I would drink from other women—yes. Such was a necessity for a vampire, but drinking blood for my survival was as far as I would go.

In this self-restraint, I was very much at odds to my surroundings. As Denise and I left my state room and walked through the corridors of the cruise ship, I could not help being aware of the suffusion of sexual activity all around.

Vampire senses are particularly potent and I could hear, through the cabin doors, the rhythmic breathing, the moaned names, the growls and grunts of lust and the fierce smack of flesh on flesh. In fact, because there was little around here in the way of propriety, I also caught sight, through open doors, of writhing bodies, each room seeming to detail a different page of the Kama Sutra; one on one, one on two, two on one; three, four, five to a bed. One room seemed to have an open-door policy; join in if you happened to be passing.

Such sexual promiscuity was not confined to the rooms; we passed a couple who had apparently been too impatient to find a bed and decided the wall would suffice, while a couch in one of the lounges was hosting a tangled three-way. The air was thick with the smell of sex; the scent of pheromones blended with sweat and massage oil. You could taste the arousal in the back of your throat. With me going through the longest period of abstinence in my adult life, it was a miracle I did not burst. Instead, I quite wanted to weep.

But this was day to day life onboard my flagship.
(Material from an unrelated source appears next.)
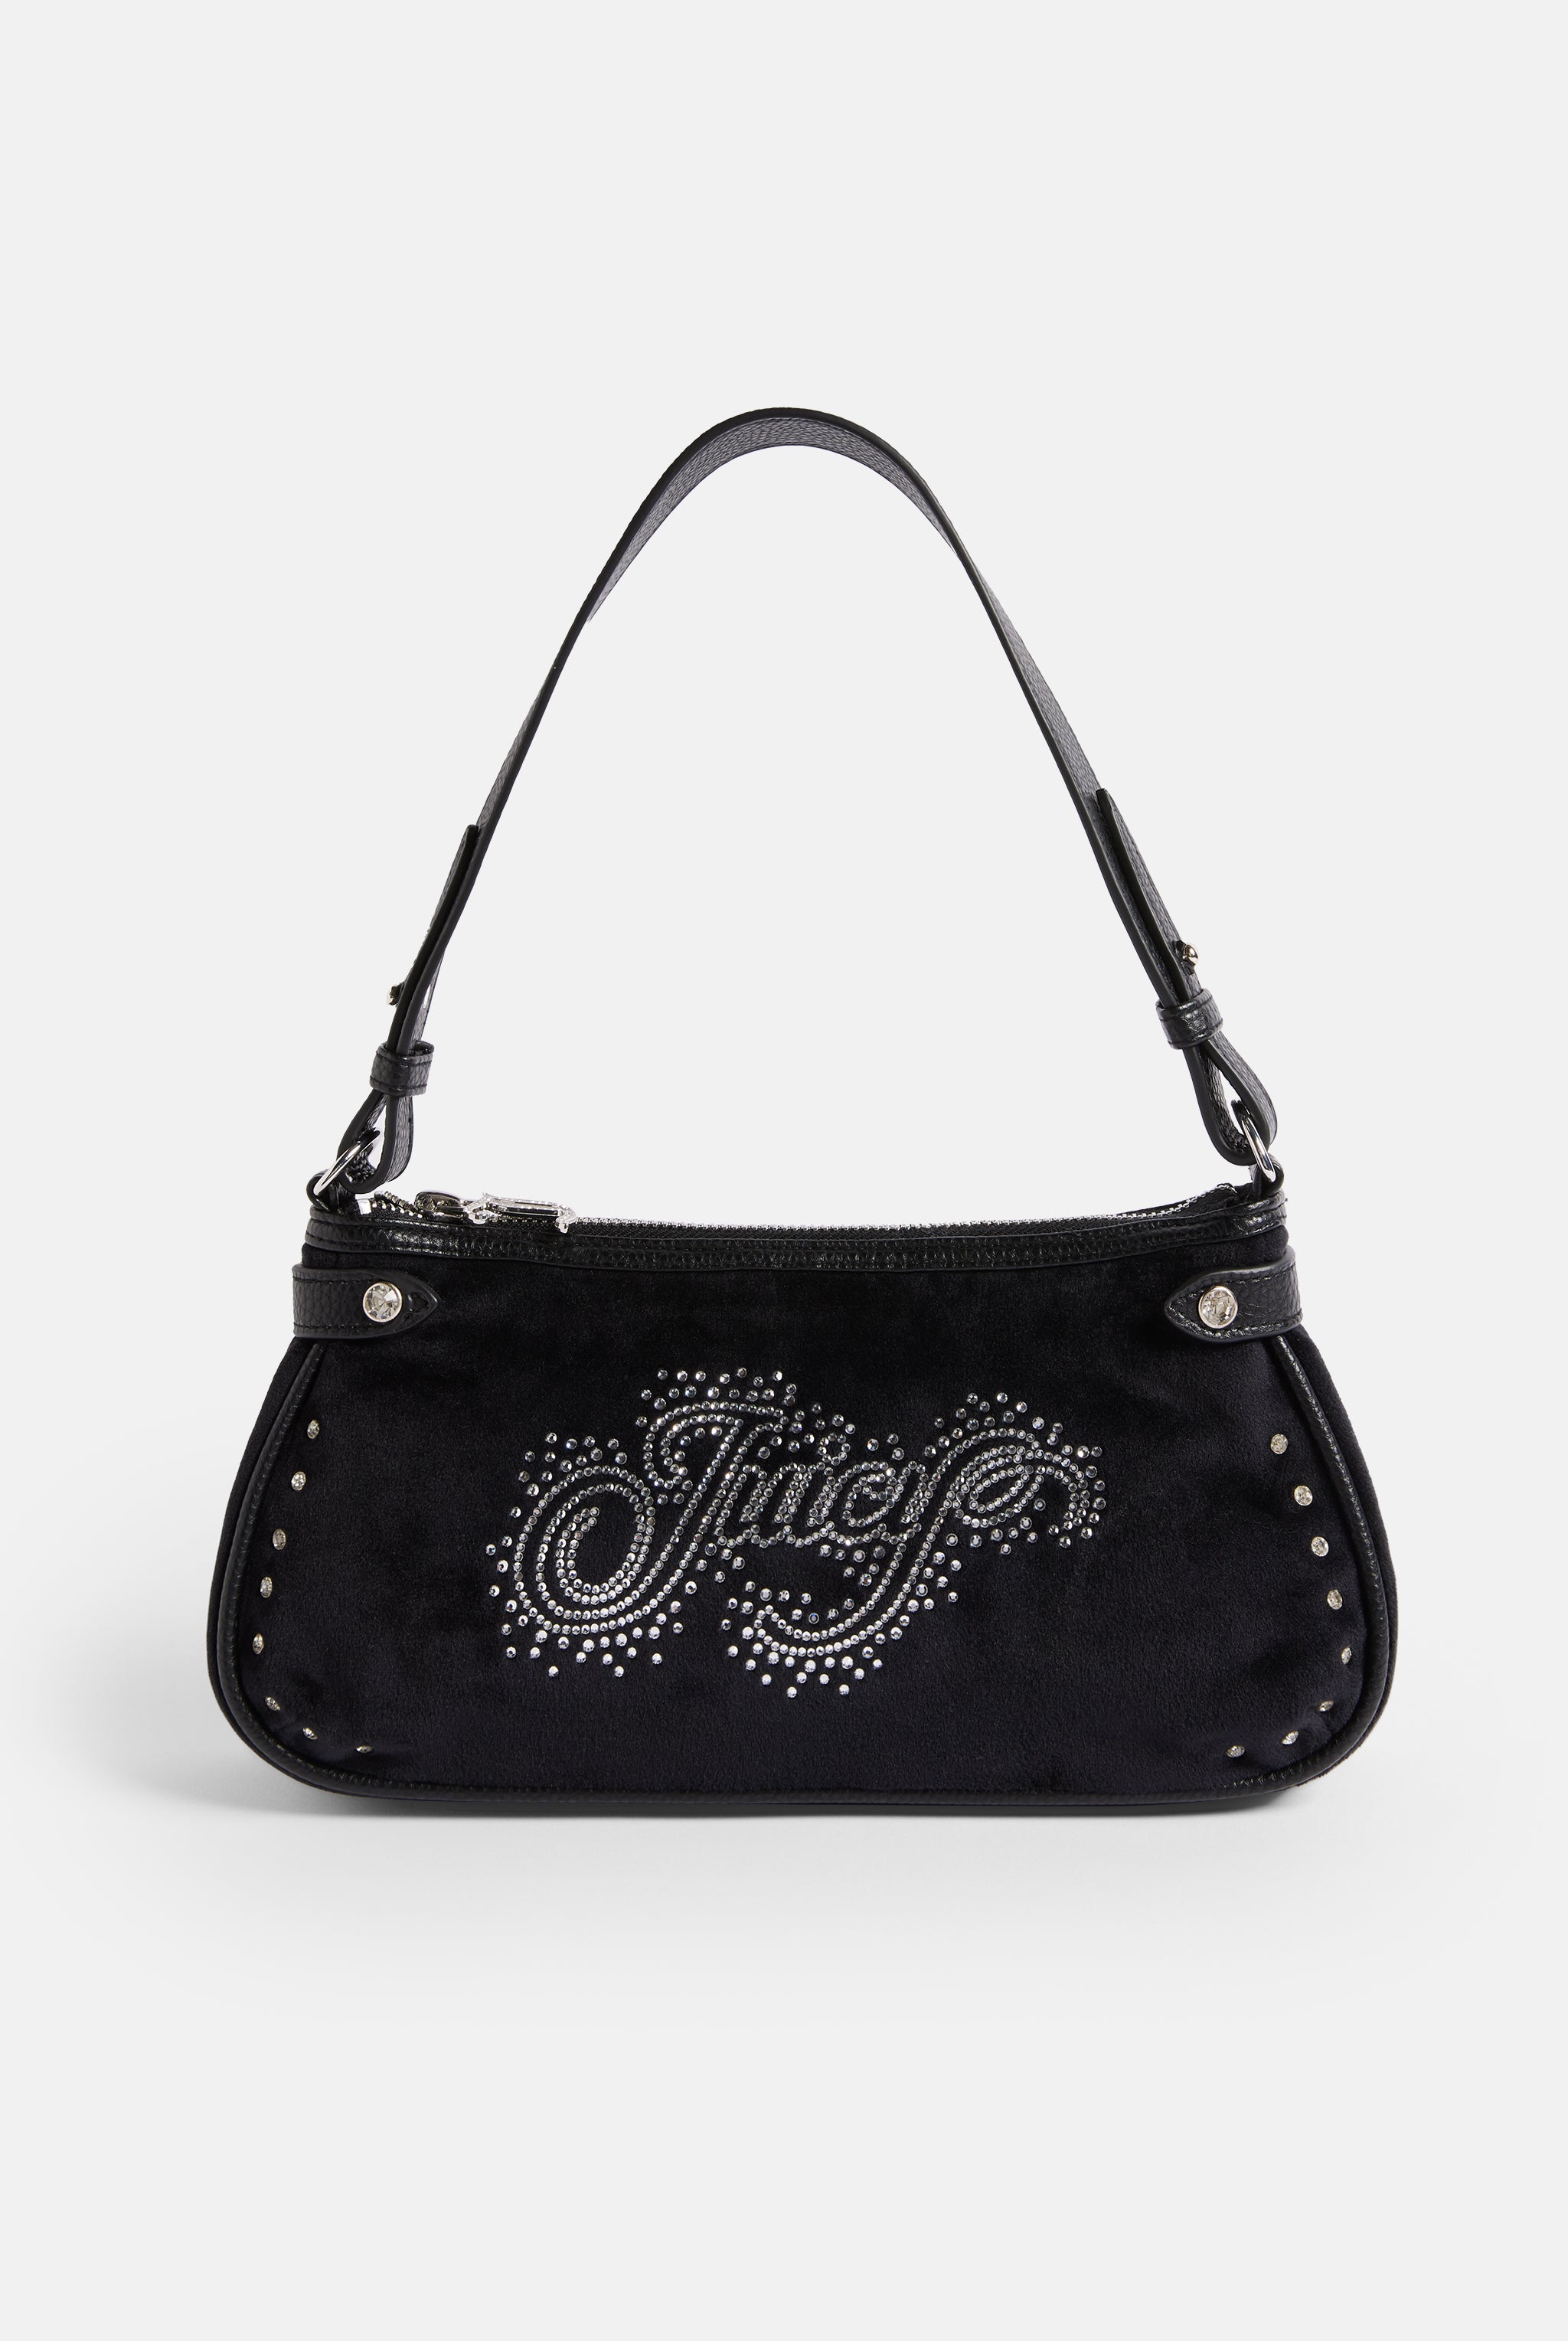 Juicy Couture Women's Black and Grey Wallet-purses – DoorStop

Yes, my days living upon the seas were a far cry from the life I once led in the stately home of Kinloch Kirk upon the Scottish coast, when the Queen of the Underworld was still alive and still keeping the peace. Now things were… different.

When Bryn demanded I leave Kinloch, I was at a loss as to what to do with my life. I had never been a man well-suited to inactivity, but I had become accustomed to just that once Bryn banished me from my home, my love and my daughter, Rowan. Just the thought of my little one made my heart feel as if it were in a vice.